Big bank earnings start to show signs of stress

But they maintain a positive outlook on consumer spending and borrowing.

less than 3 min read

Hmm. So that’s not exactly what we and many CFOs wanted to see from big banks’ financial reports…

In the last few days, disappointing earnings results from Bank of America, Citi, Wells Fargo, and JPMorgan Chase sent shares tumbling for all the banking giants.

This week’s batch of earnings could complicate the narrative for big banks, casting doubts on the idea that higher-income consumers can singlehandedly keep US economic activity humming along.

It’s not like the K-shaped economy is going away anytime soon, though. “Banks that do business largely with rich individuals and corporations, such as Goldman Sachs and Morgan Stanley, fared comparatively better” than the aforementioned banks, the New York Times noted.

Indeed, Bank of America, Citi, and Wells Fargo all recorded fourth-quarter YoY growth in their loan books, including loans to businesses.

But the overall downbeat earnings reports don’t exactly scream good news ahead.

Until now, “the banks have had a pretty good year.
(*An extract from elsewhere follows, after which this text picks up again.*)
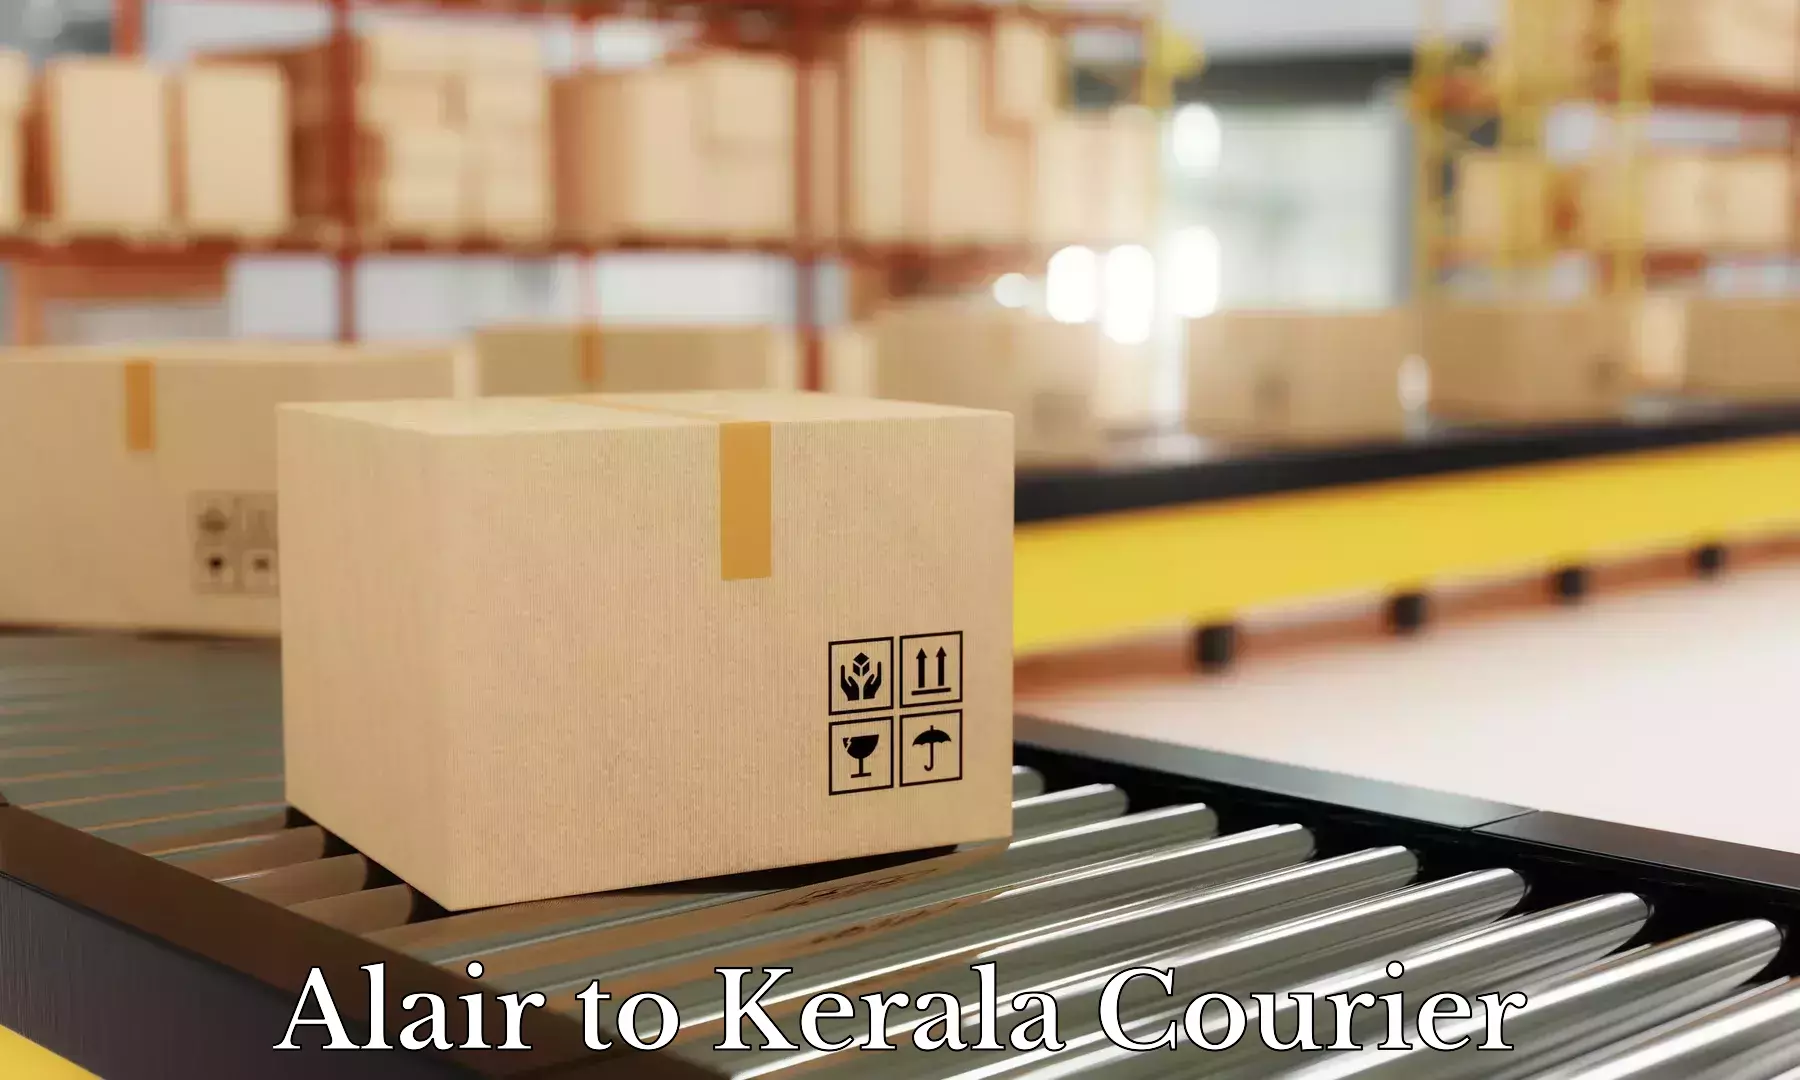 Baggage shipping experts Alair to Kerala

The yield curve got more positively sloped, which helped with their net interest margins. Credit quality was pretty good,” Mark Zandi, chief economist at Moody’s Analytics, told CFO Brew. “There are some points of stress, but…loan growth, it feels like it’s picking up a bit, in part because of the relaxation of regulatory oversight and capital rules, liquidity requirements.”

Consumer outlooks. For their part, many of the banks maintained that the US consumer still looks solid.

“All of the metrics that we can see tell us the consumer remains resilient and in great shape,” Alastair Borthwick, CFO of Bank of America, said on a call with reporters, per the Wall Street Journal.

Meanwhile, Wells Fargo CEO Charles Scharf said on a January 14 earnings call that the institution has not “observed meaningful shifts in [consumer behavior] trends” with respect to “checking accounts with unemployment flows, direct deposit amounts, overdraft activity, and payment outflows.”

Not everyone had a totally rosy outlook, though.

JPMorgan Chase CEO Jamie Dimon—remember when he warned about hidden cockroaches in the economy in October?—cautioned in the company’s January 13 earnings report that while “the US economy has remained resilient,” there are also a bevy of “potential hazards” to navigate, including “complex geopolitical conditions, the risk of sticky inflation, and elevated asset prices.”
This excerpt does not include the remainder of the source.